Both queries compute different results that correspond to the semantics of regular SQL. So the difference is not Flink specific but defined by the SQL Standard.
The first query
SELECT key, MAX(value)
FROM table
GROUP BY key, TUMBLE(ts, INTERVAL '5' MINUTE)
groups records per key
and 5 minute buckets. Every 5 minutes the query produces one row per key
value with the maximum value
. For each group, multiple rows are aggregated to a single row.
The second query
SELECT key, MAX(value) OVER w
FROM table
WINDOW w AS (PARTITION BY key ORDER BY ts ROWS BETWEEN UNBOUNDED PRECEDING AND CURRENT ROW)
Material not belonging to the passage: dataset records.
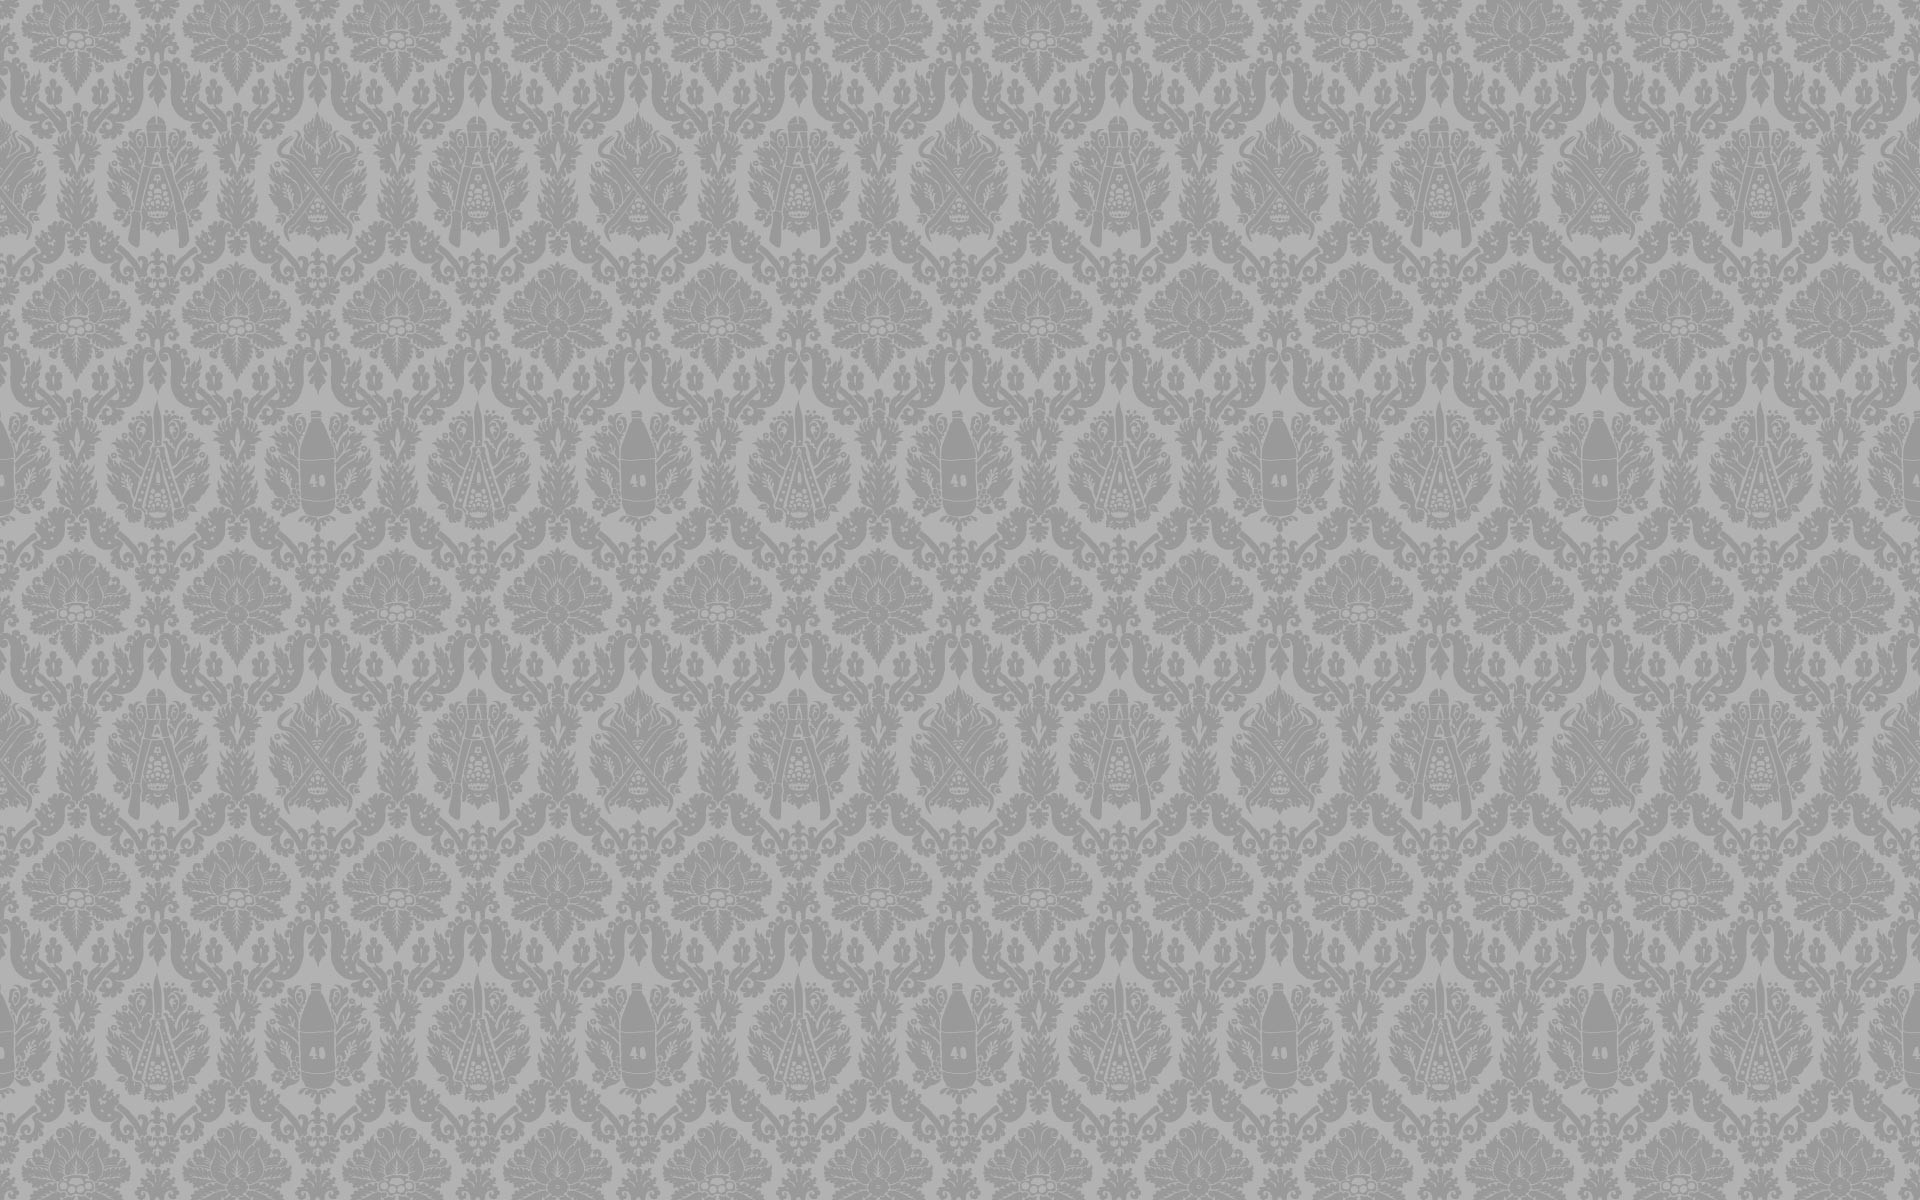 1920x1200 Elegant embossed floral background - snowy white. Love this one! |  Backgrounds and Wallpaper | Pinterest | Backgrounds free
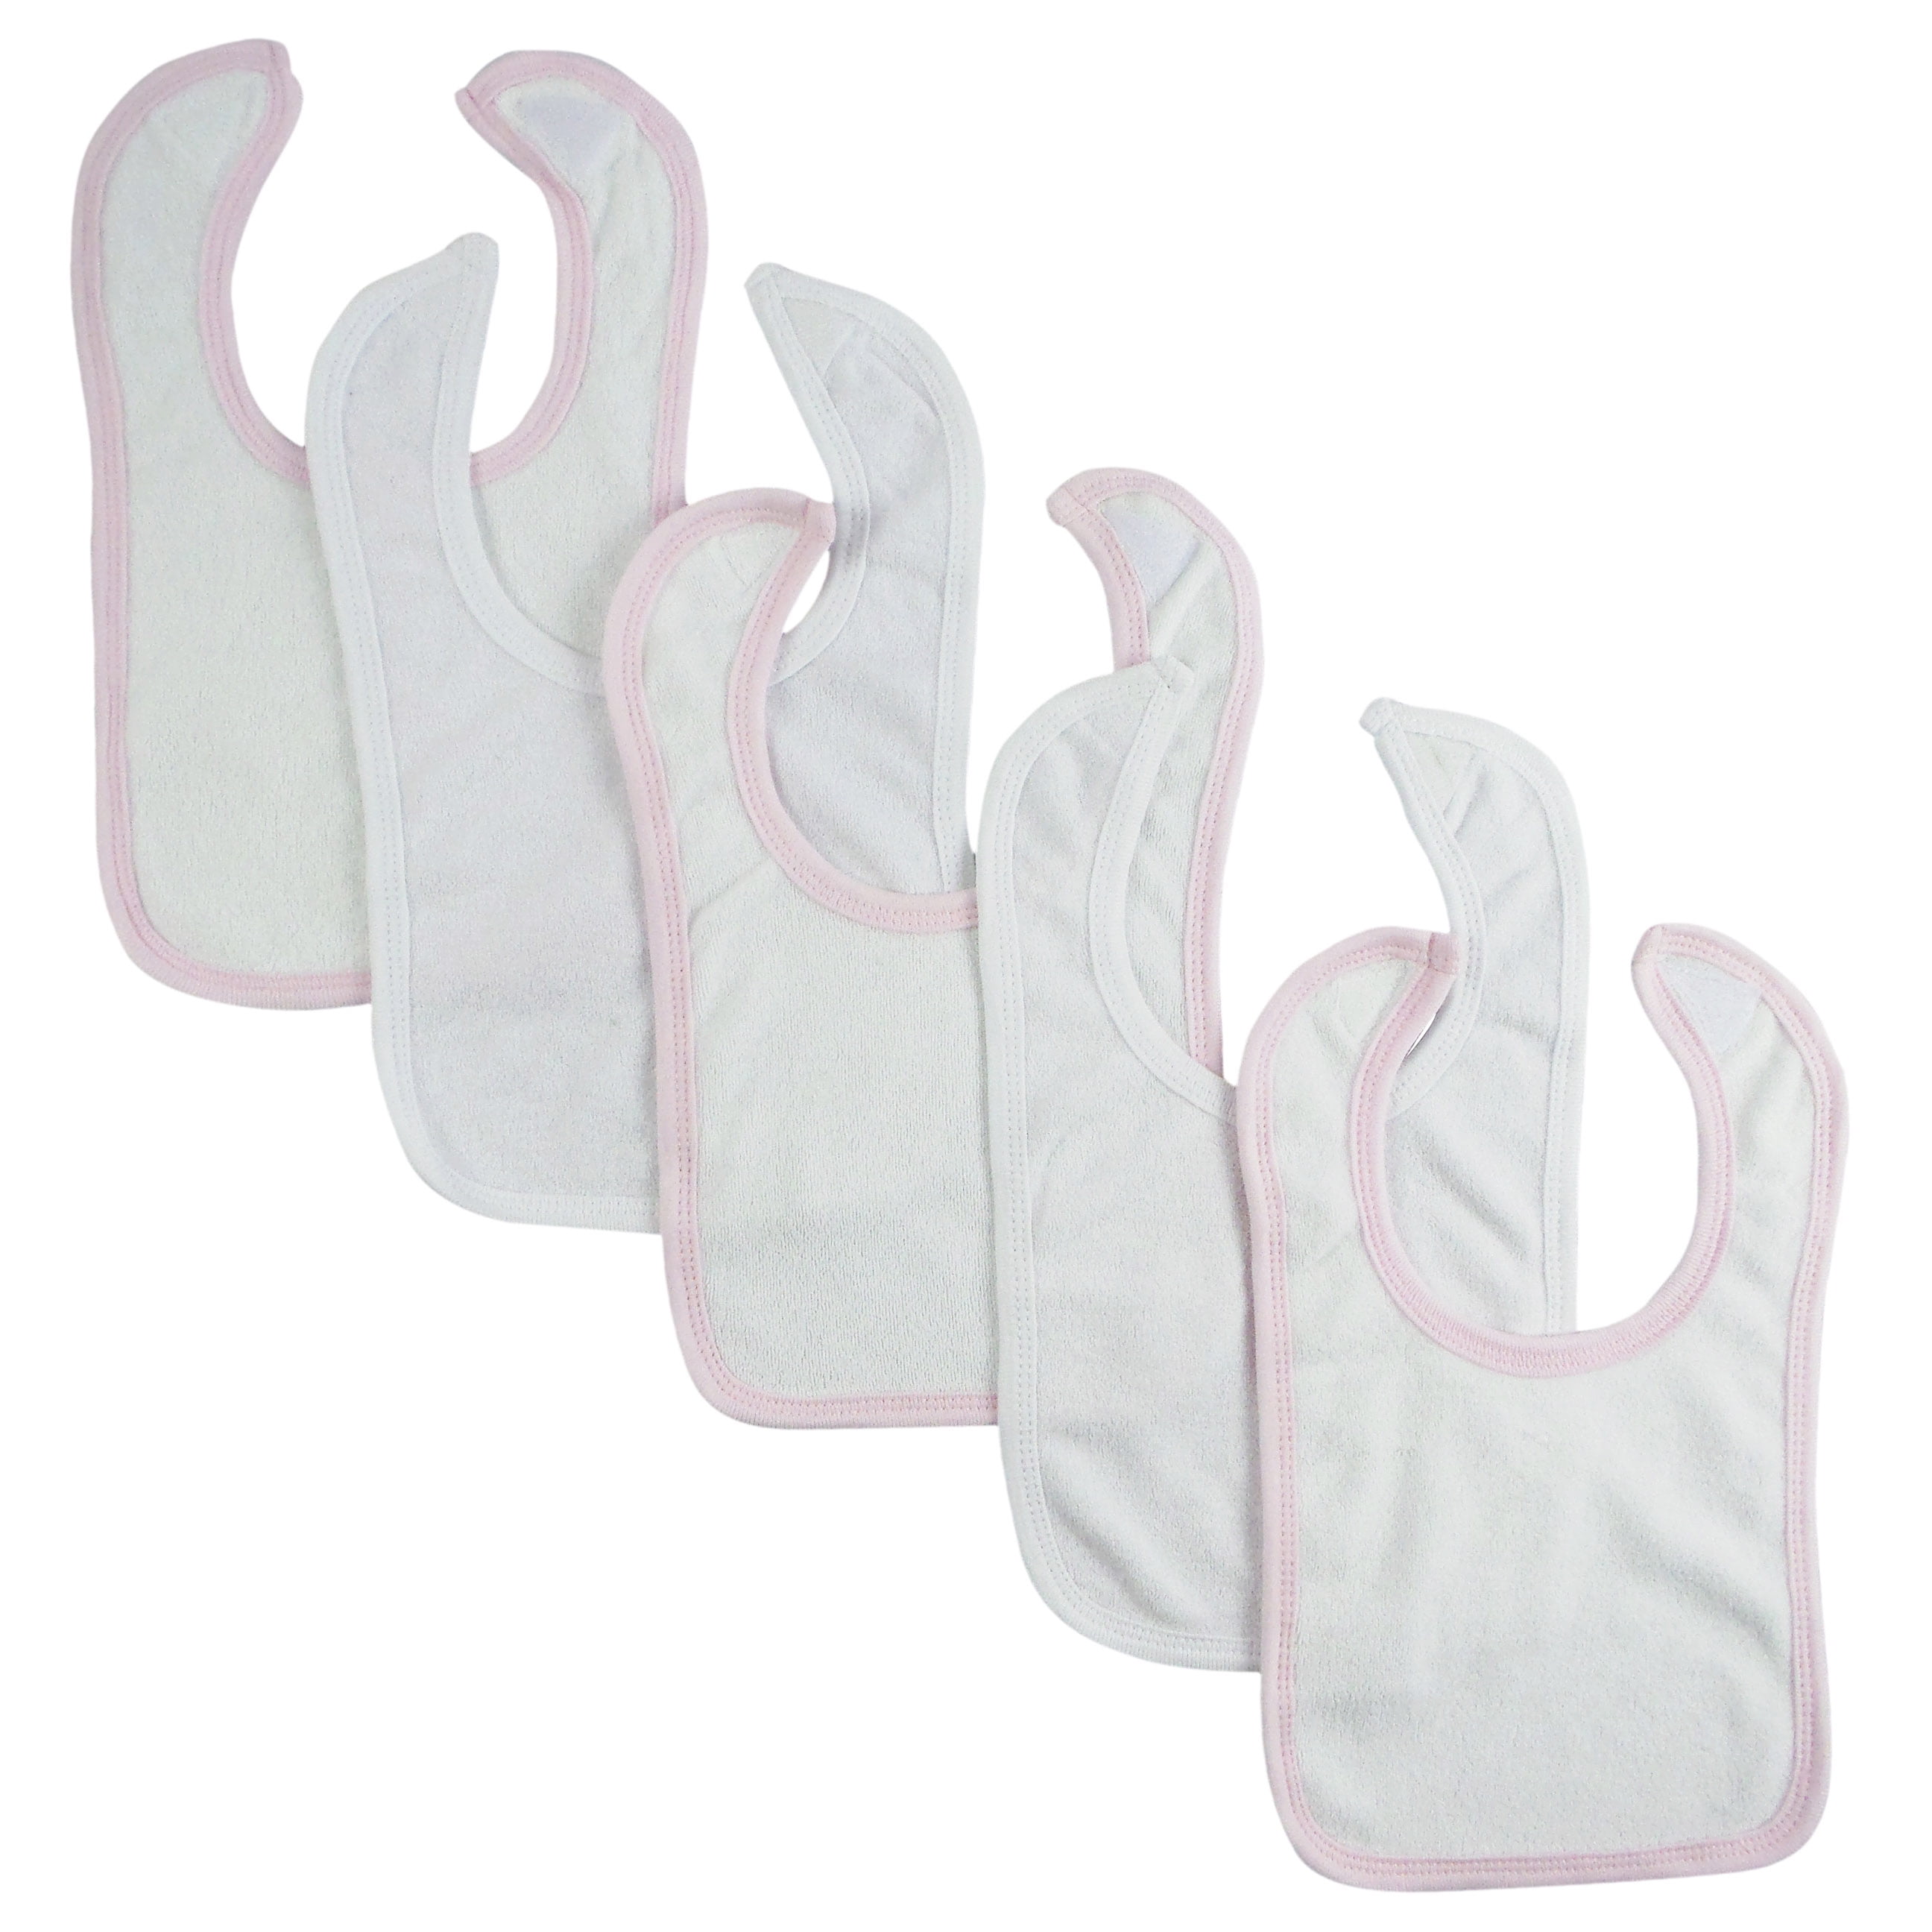 12.25 X 7.5 In. Infant Boys Drool Bibs, White & Pink - Pack Of 5
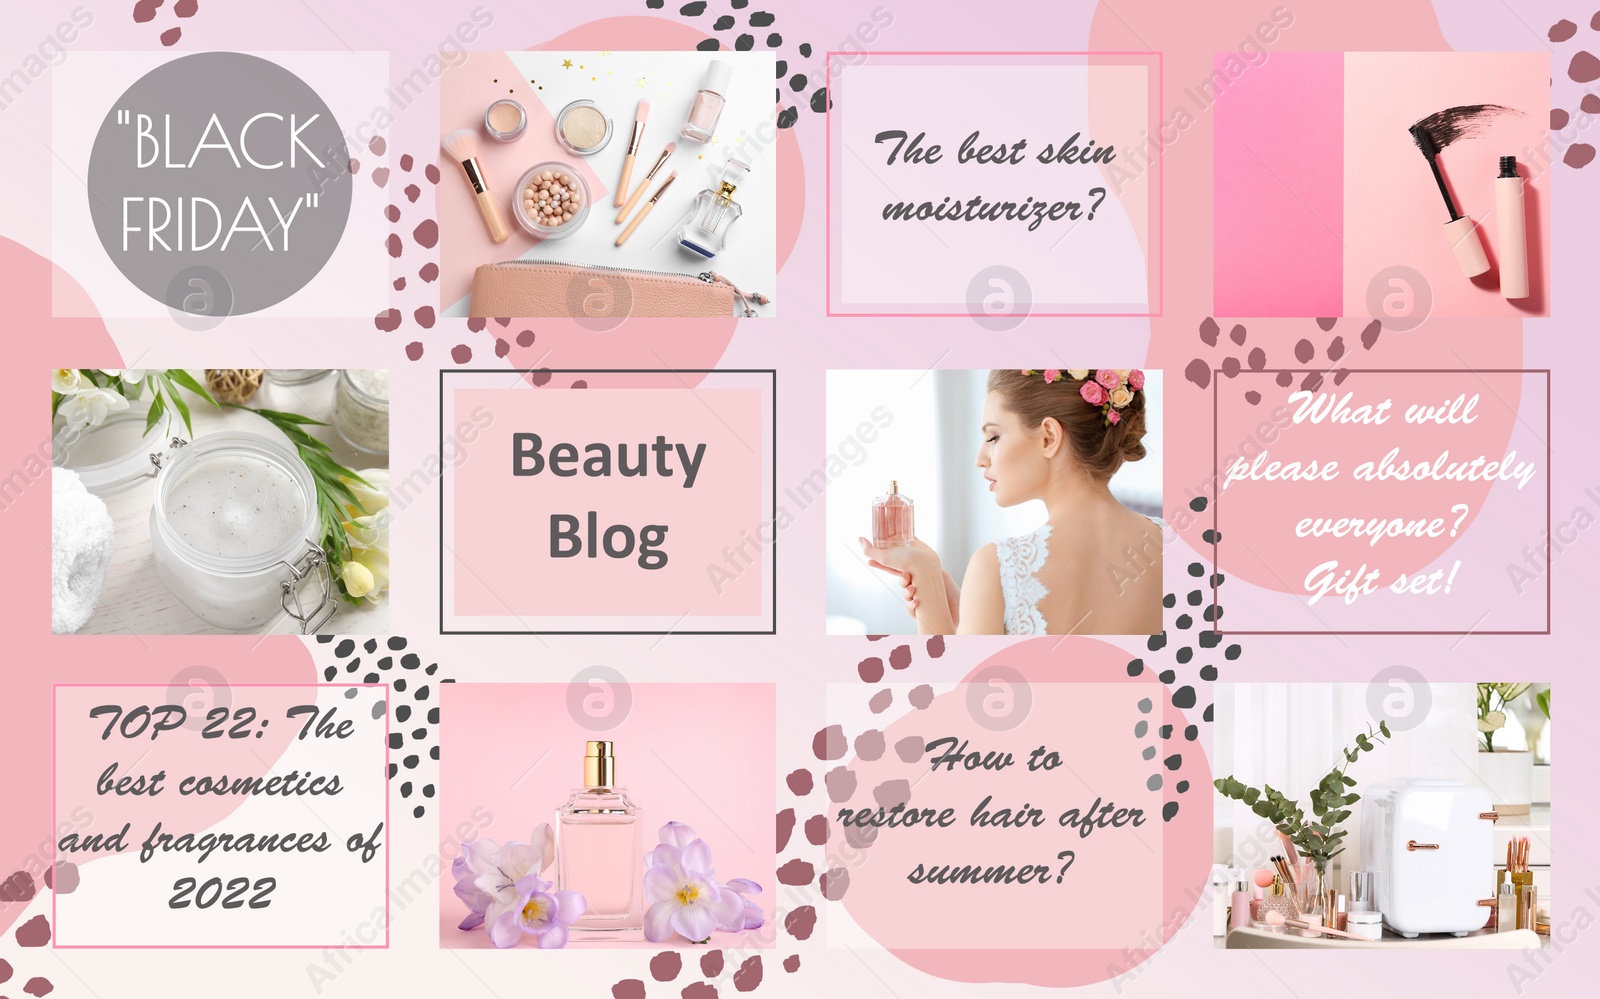 Image of Homepage design of beauty blog web site

produces one row for every row of the input (table
). A result row has the maximum value
for the key
value that was observed so far (rows are ordered by ts
). Note that multiple rows are not aggregated to a single row; each input row results in one output row. Moreover, the range of the maximum aggregation can be more than 5 minutes. In fact it's the whole key
partition in this example.